EXTRACTED ENTRIES
++++++++
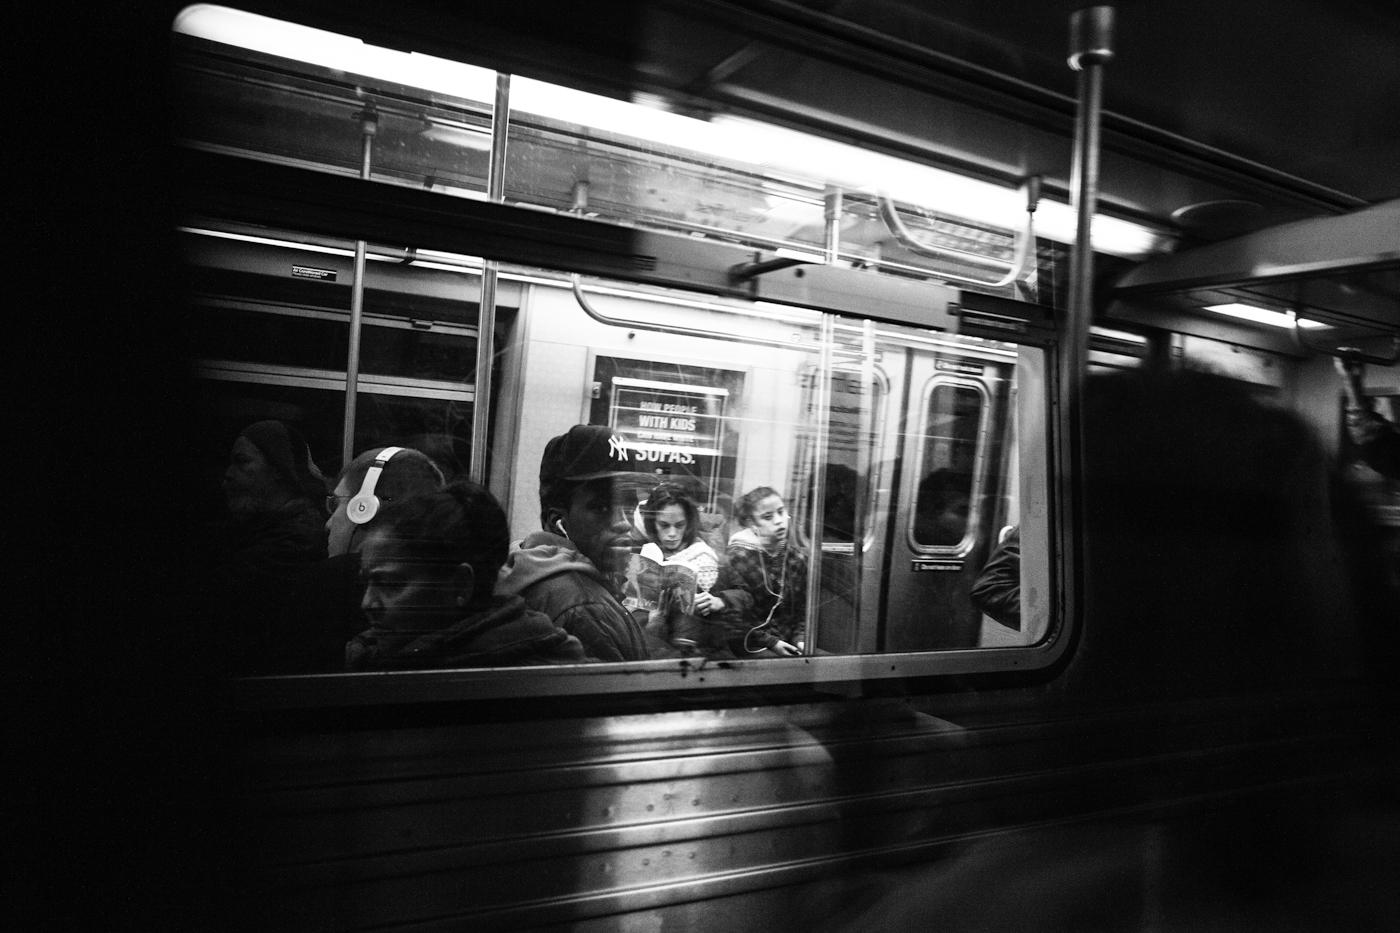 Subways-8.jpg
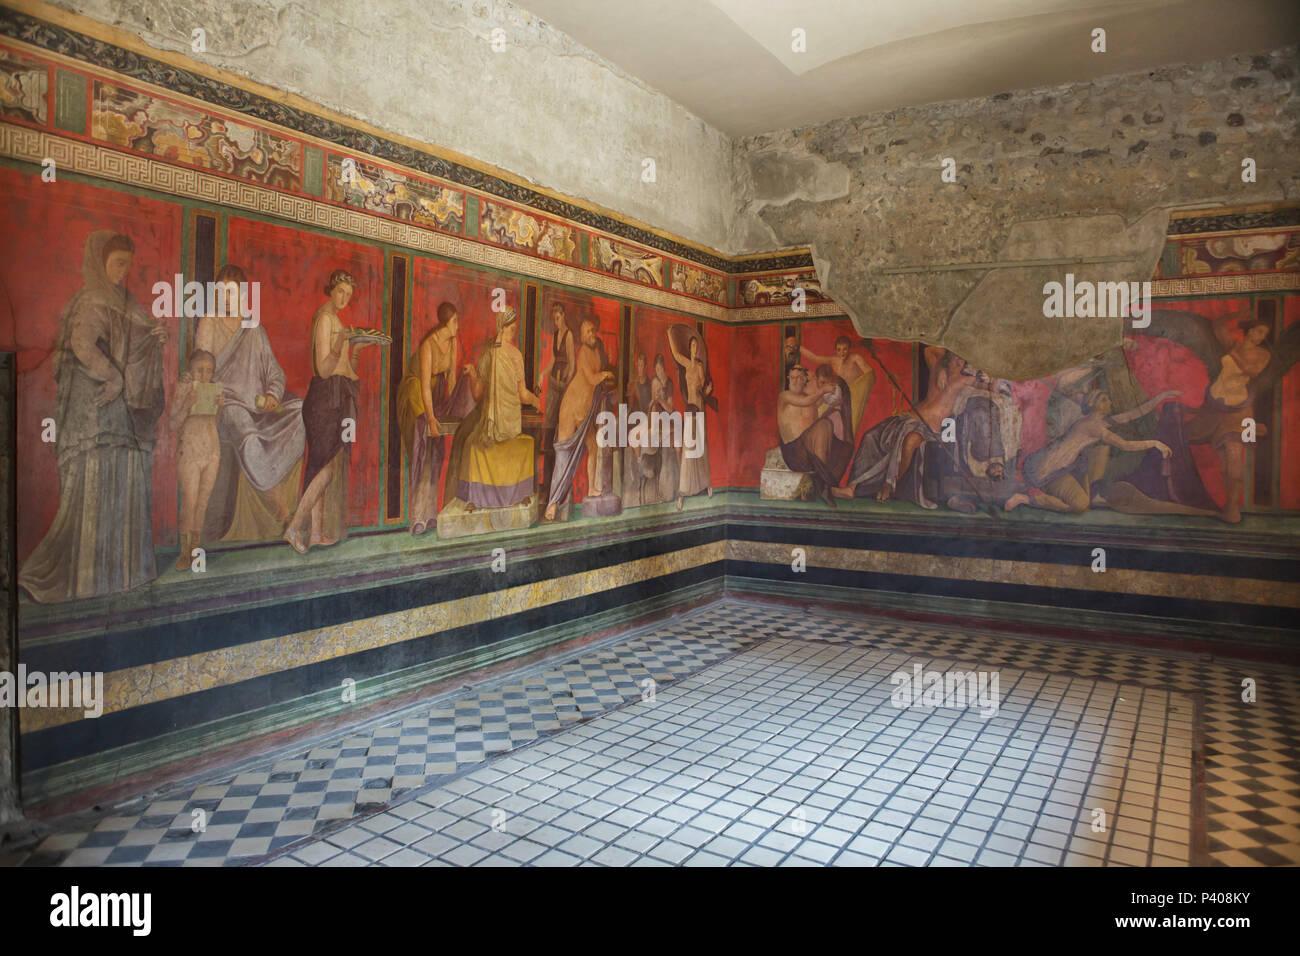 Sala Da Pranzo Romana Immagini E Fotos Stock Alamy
++++++++
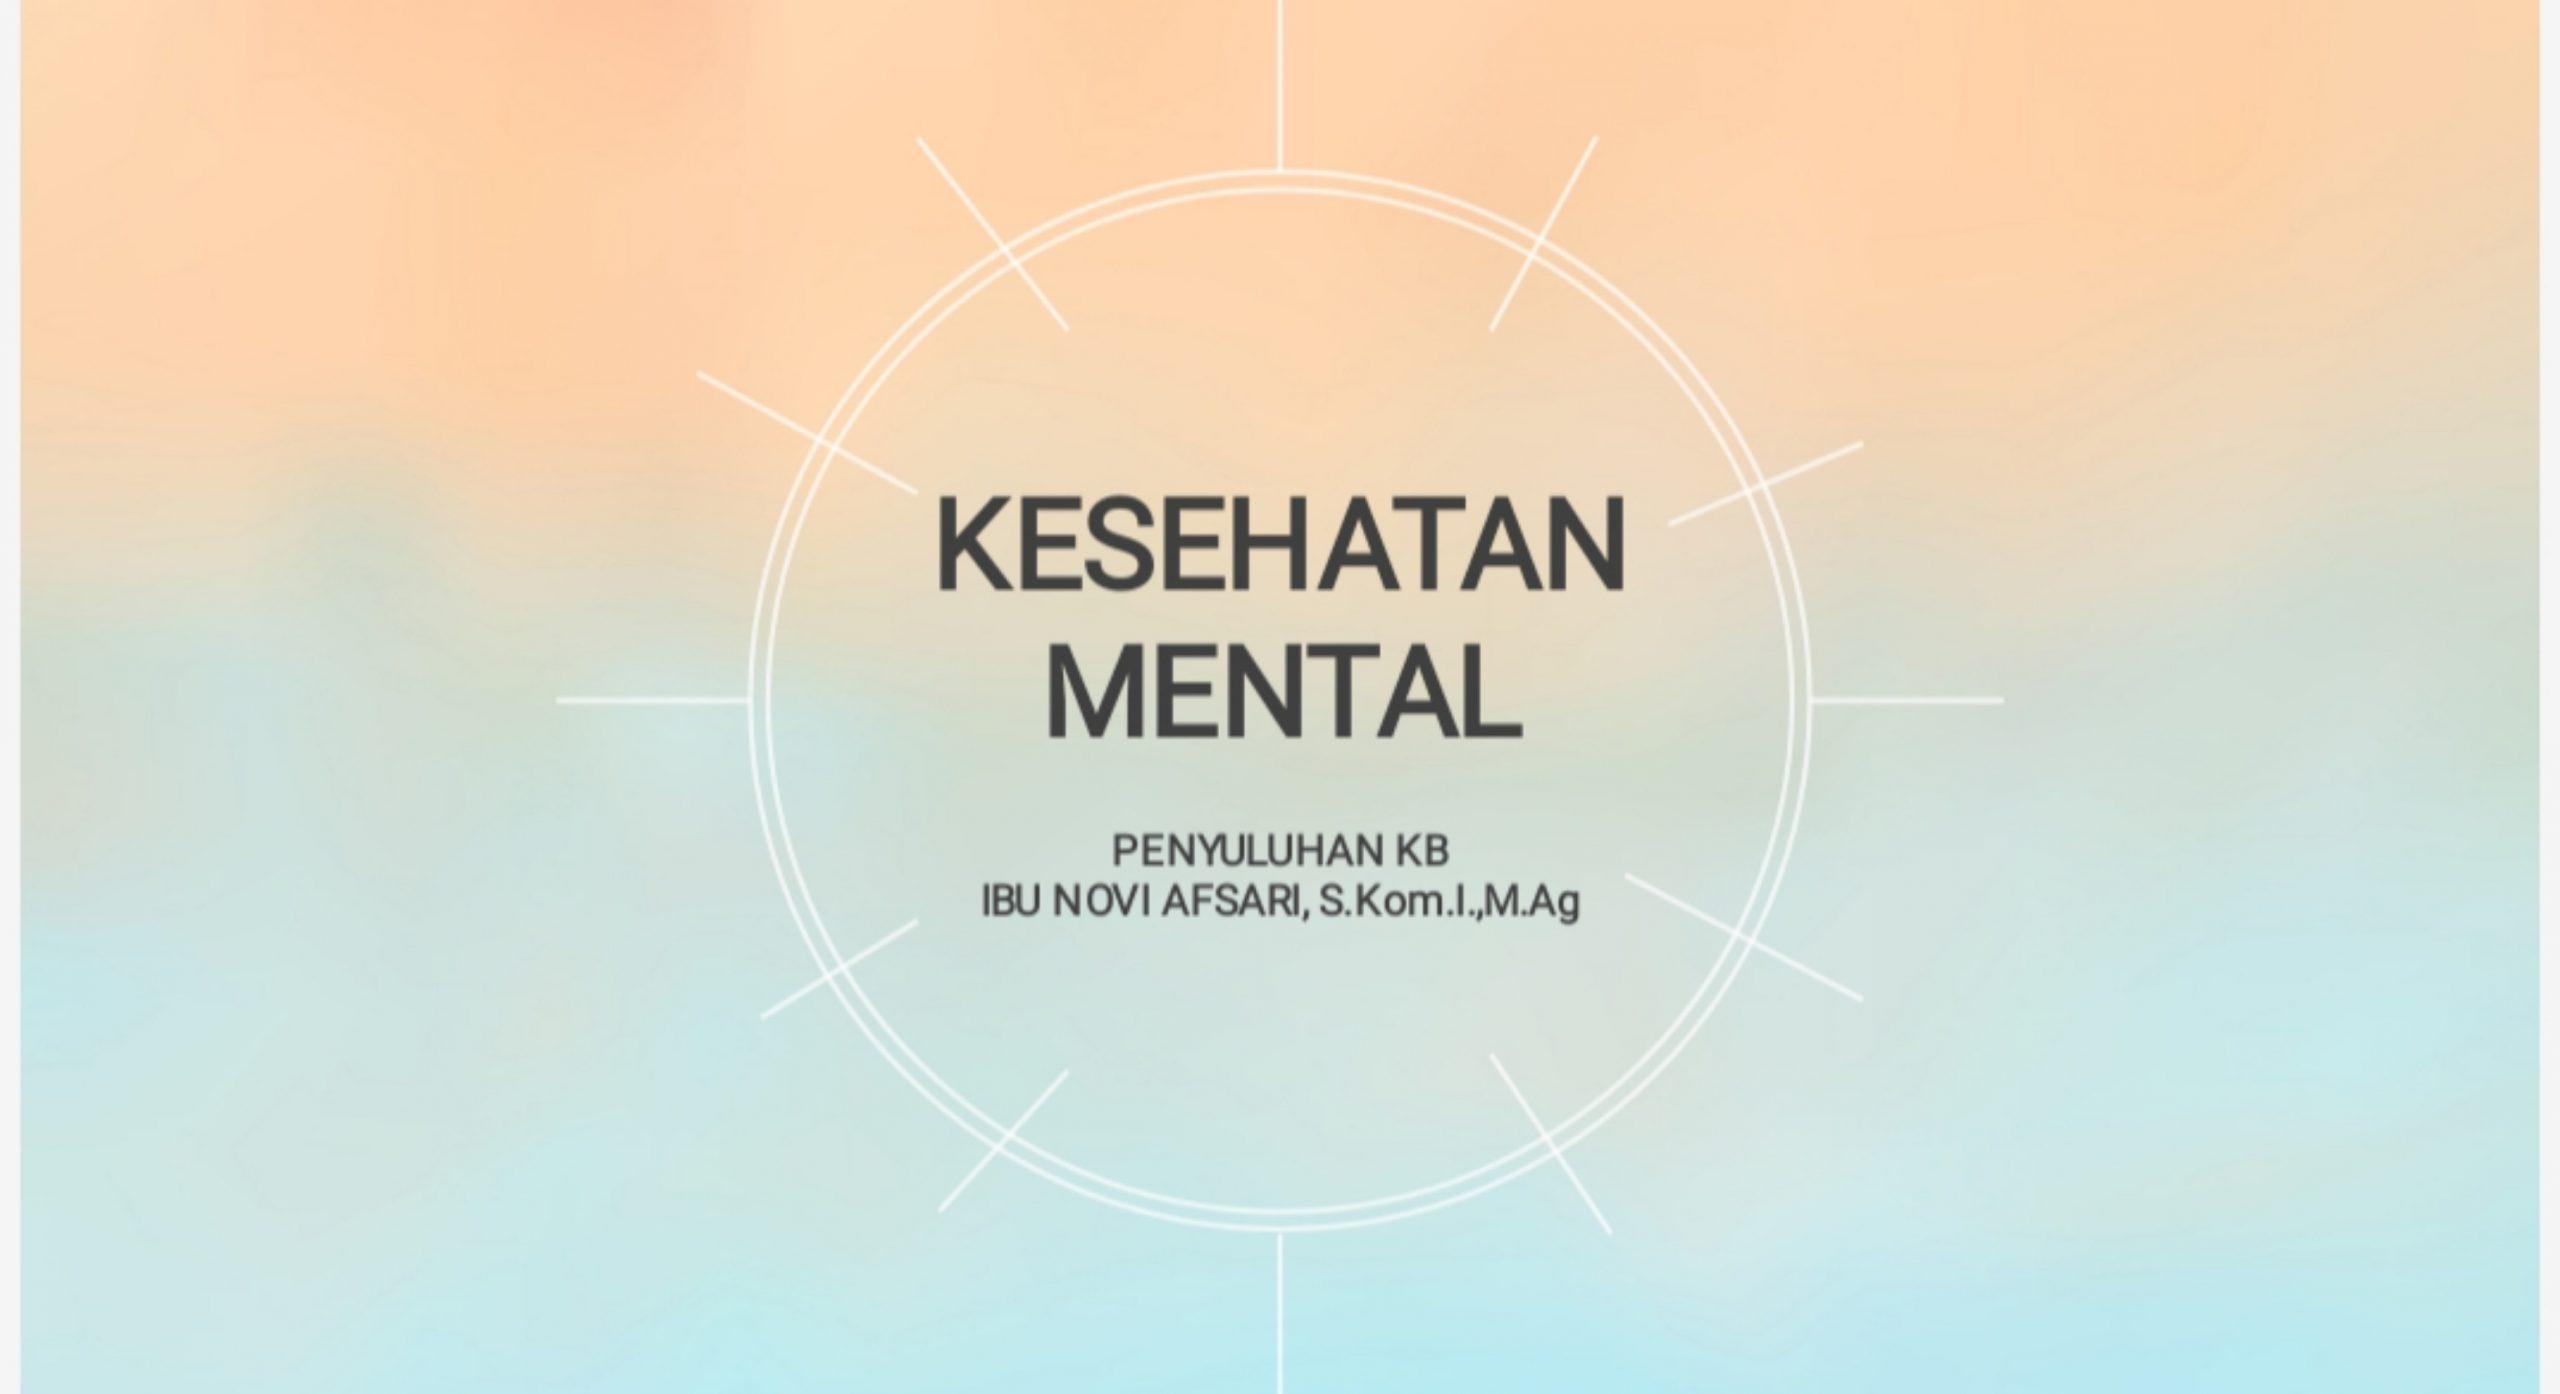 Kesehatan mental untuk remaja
++++++++
PROBLEM
Starting with the line that has "Subways-8.jpg" and ending with the line that has "Sala Da Pranzo", repeat the lines above exactly, omitting every picture.

EXERCISE RESULT
 Subways-8.jpg
 Sala Da Pranzo Romana Immagini E Fotos Stock Alamy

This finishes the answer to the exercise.